When many small lesions are present, a small amount of drug—usually interferon,37 corticosteroid, or the monoclonal antibody rituximab (Rituxan®; described under Biologic Therapies)60—can be injected directly into the lesion.55
This type of treatment has only been tested in a limited number of patients, so there is much that is still not well understood. However, in the limited studies that have been done, patients did not experience adverse reactions except pain at the injection site. The rates of complete remission with this treatment are high and, in some cases, lesions other than the one injected showed regression. However, recurrences were also common.
Rituximab was the first monoclonal antibody approved by the US Food and Drug Administration (FDA) for cancer. Rituximab targets the CD20 antigen, which is on the surface of both normal and abnormal cells. The CD20 molecule is a key target for anti-cancer therapies because it is highly expressed in most B-cell malignancies.
Rituximab is the most common biologic drug used in lymphoma treatment regimens, either alone or in combination with standard chemotherapy regimens. For example, rituximab is used as first-line therapy with CHOP for aggressive B-cell lymphomas.
With systemic rituximab therapy, there is a drop in the number of normal B cells as well as a decrease in the malignant lymphoma cells. This is a reasonable treatment for patients with multiple and/or symptomatic lesions, widespread disease, and involvement of sites that are not appropriate for radiotherapy, such as the head. Most patients respond to treatment for 4 to 39 months before relapse.55,62-64
Radioimmunotherapy (RIT) is a targeted delivery system to help kill cancerous cells. With this treatment, a monoclonal antibody is attached to a radioactive element. The monoclonal antibody recognizes the cancer cells and takes the radioactive element to the cancer cell to kill it.
RIT consists of a targeted therapy such as rituximab with a source of radiation attached. RIT acts as a “guided missile” to destroy cancer cells by attaching to the lymphoma cell and delivering small doses of medicine and radioactivity to it.
There are 2 RIT products currently approved by the FDA: yttrium-90 (90Y)-ibritumomab tiuxetan (Zevalin®)65 and tositumomab (Bexxar). Both treatments recognize the specific antigen CD20 on the surface of cancer cells in patients with B-cell non-Hodgkin lymphoma.
In general, 90Y-ibritumomab tiuxetan and tositumomab cause fewer side effects than traditional chemotherapy agents.
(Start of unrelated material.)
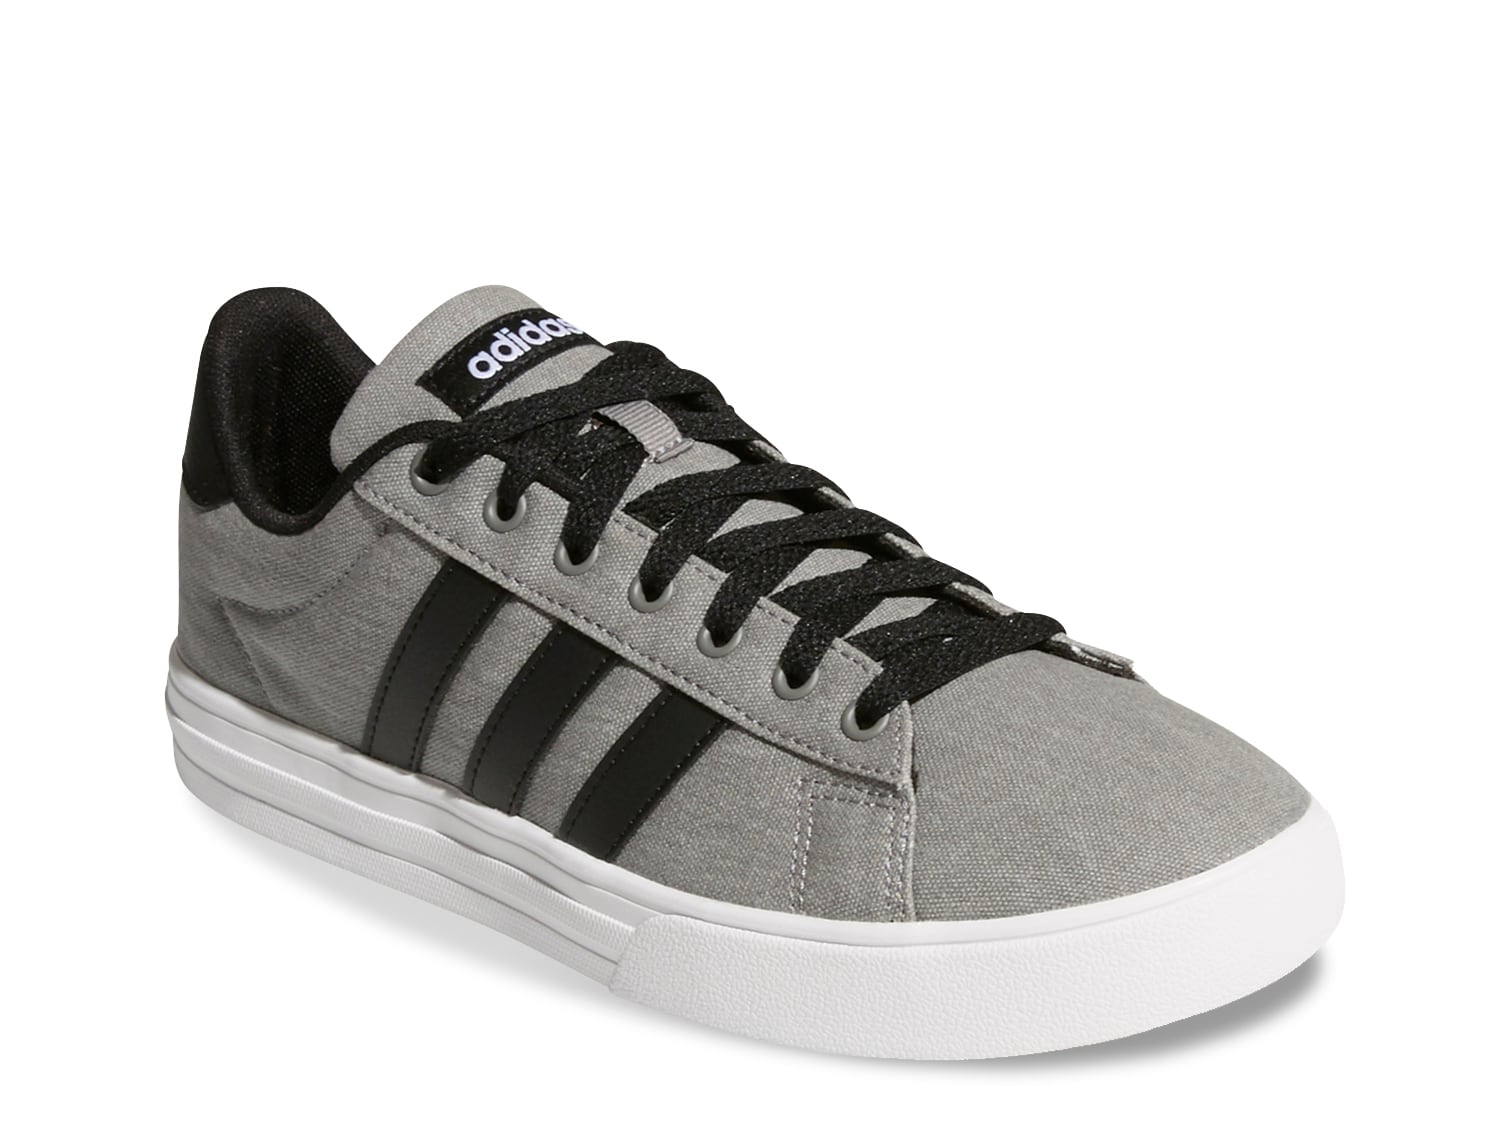 Torment harpoon anywhere adidas Daily 2.0 Sneaker - Men's - Free Shipping | DSW

GlaxoSmithKline recently announced plans to discontinue the manufacture and sale of tositumomab in 2014, so the availability of this RIT will be limited.
For both 90Y-ibritumomab tiuxetan and tositumomab, serious complications may include skin infections, severe allergic reactions, and temporary lowering of blood cell counts. These drugs are usually given when patients do not respond to rituximab.